▶ _Work required_:
The whole listing, exactly as given: write it out, leaving out each image.

▶ _Data_:
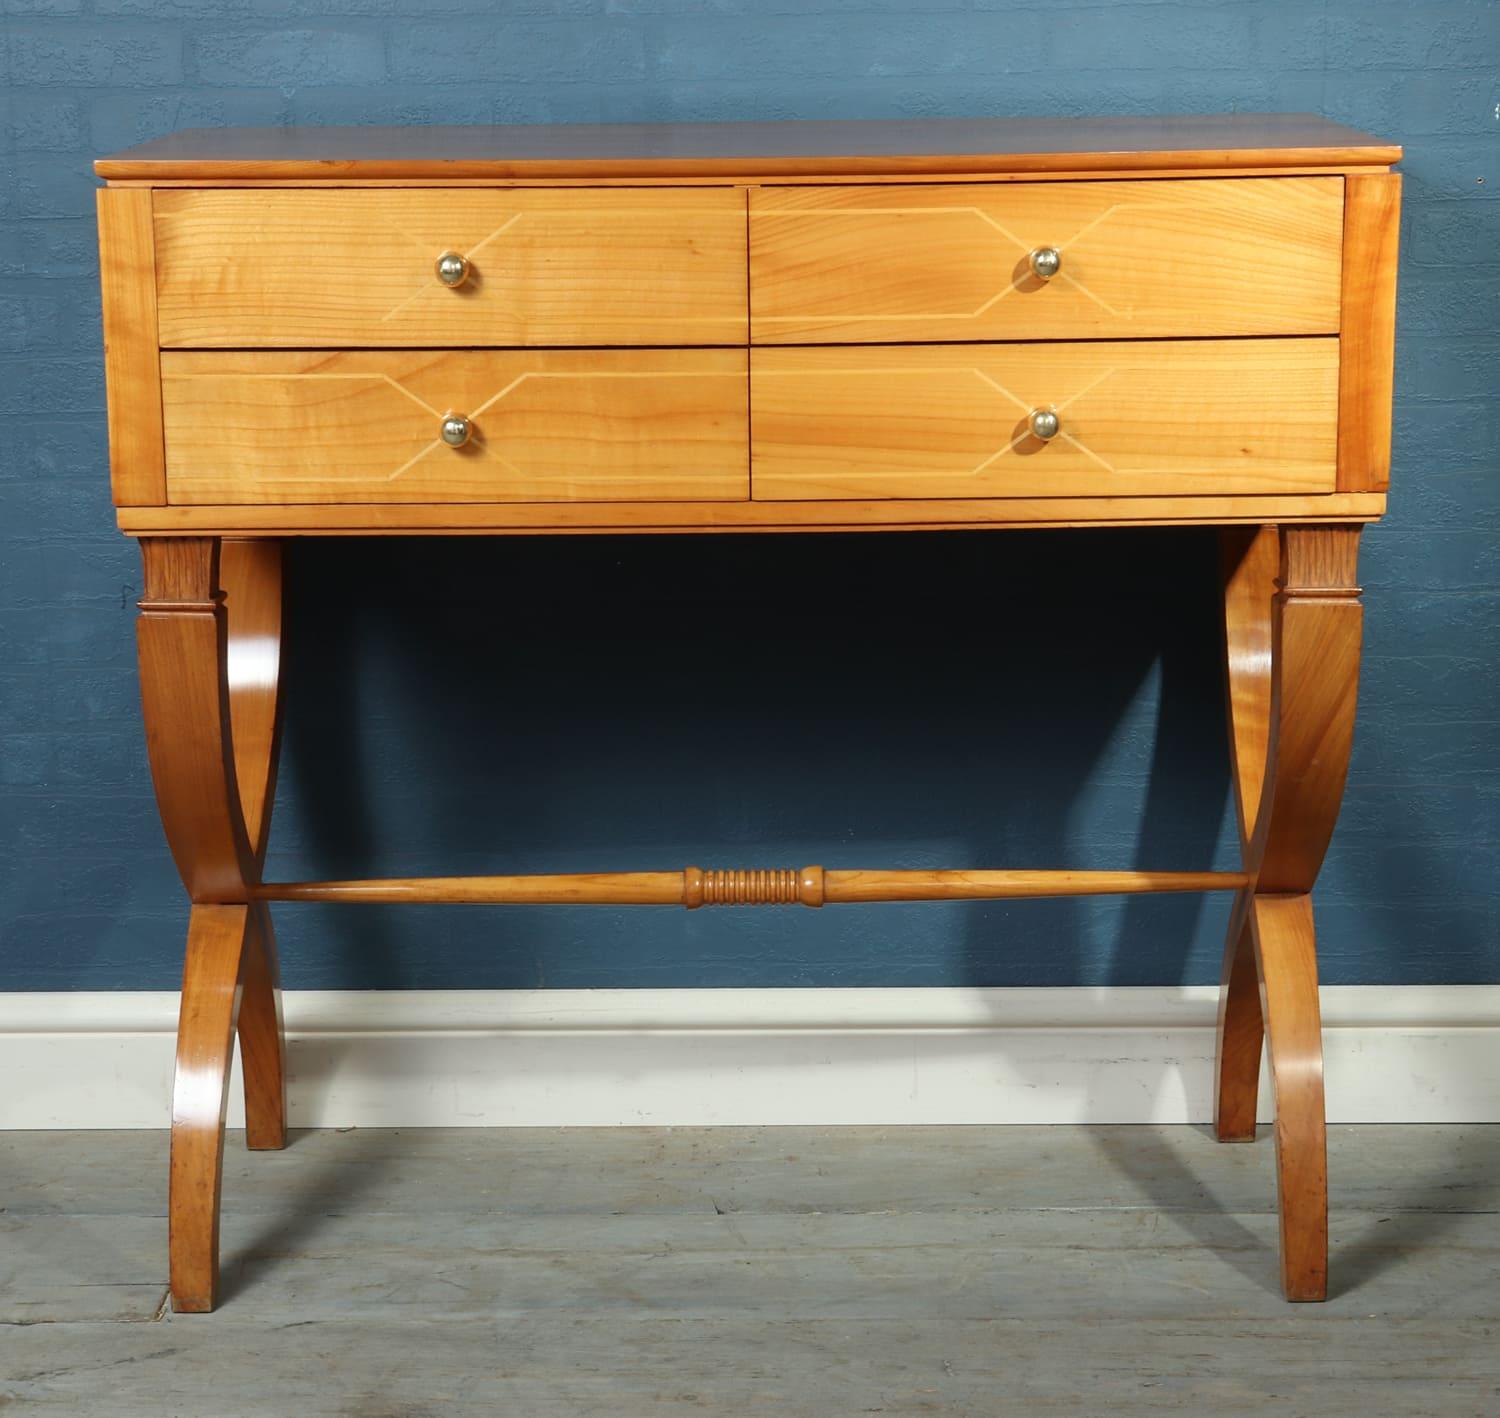 Mid century Italian commode in solid cherry

This commode chest of drawers on stand is of Italian Design from the 1950’s with strong attributions to Paolo Buffa. The Chest is produced in Solid cherry it has four drawers each with dovetail joint
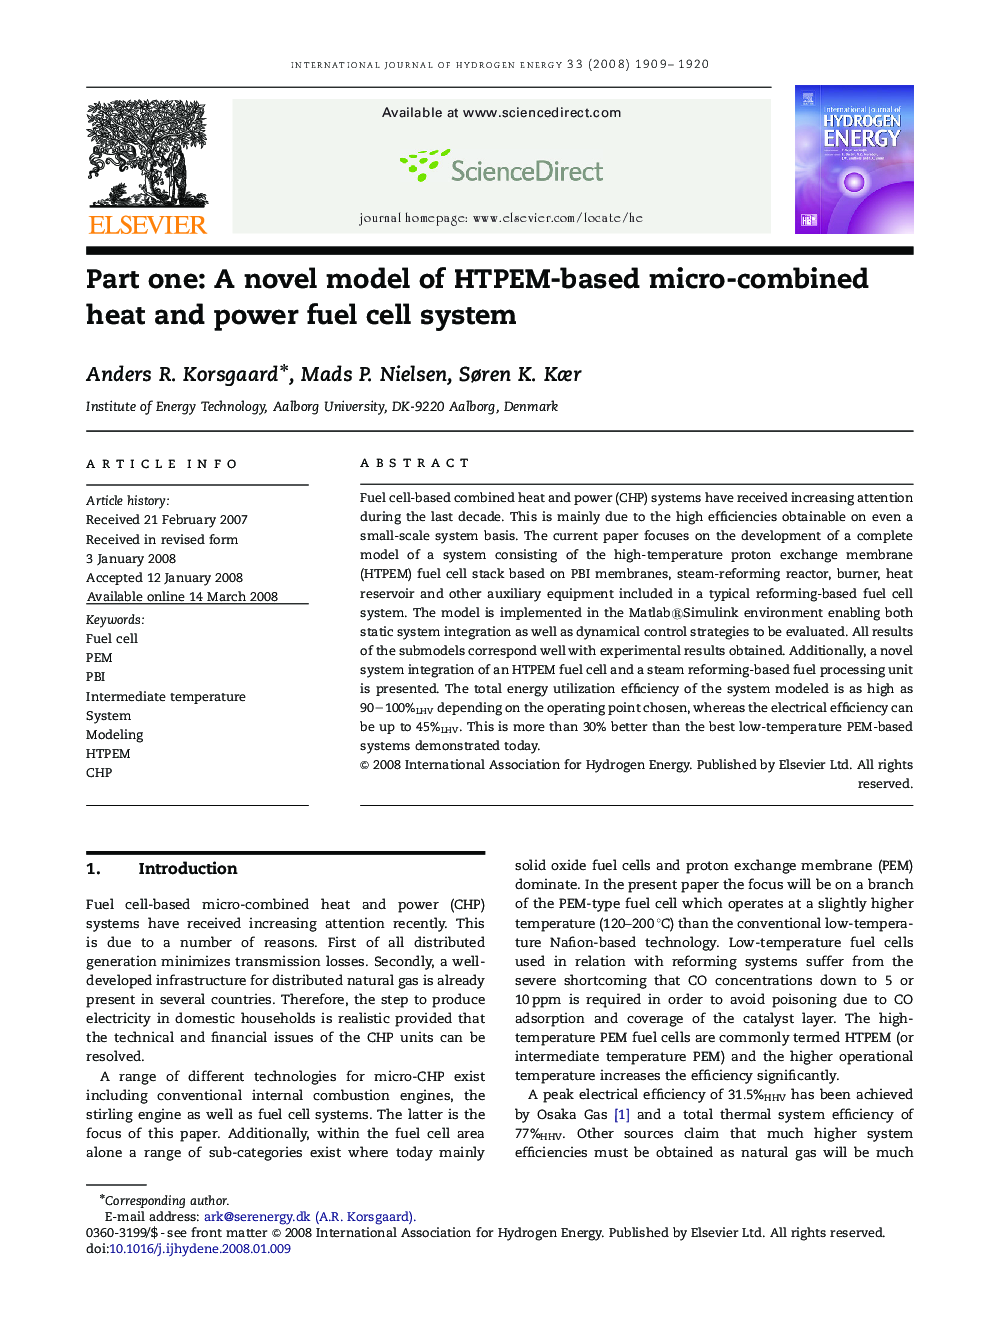 Part one: A novel model of HTPEM-based micro-combined heat and power fuel cell system
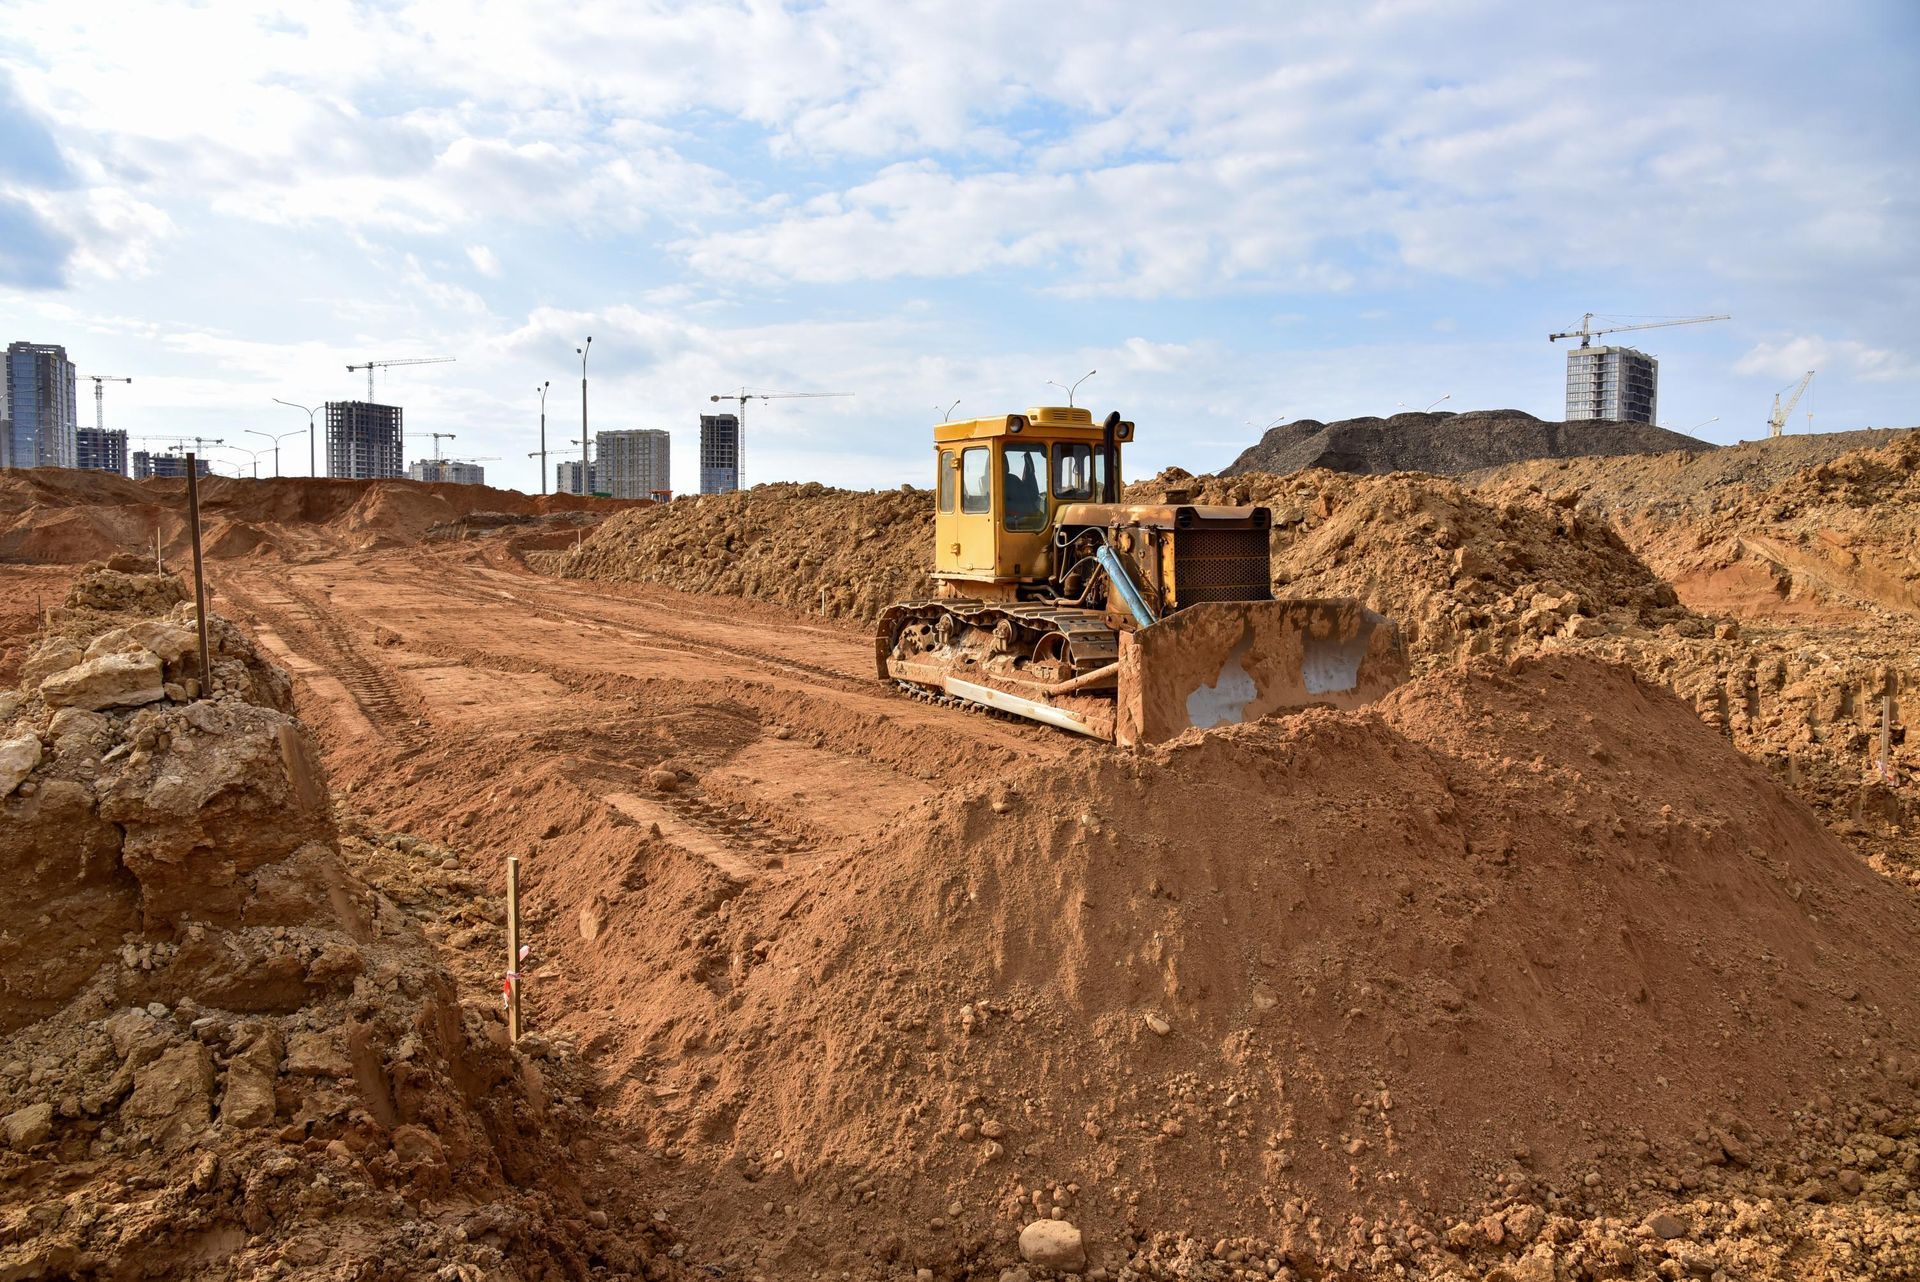 A bulldozer is moving dirt on a construction site.

▶ _Your solution_:
 Mid century Italian commode in solid cherry

This commode chest of drawers on stand is of Italian Design from the 1950’s with strong attributions to Paolo Buffa. The Chest is produced in Solid cherry it has four drawers each with dovetail joint
 Part one: A novel model of HTPEM-based micro-combined heat and power fuel cell system
 A bulldozer is moving dirt on a construction site.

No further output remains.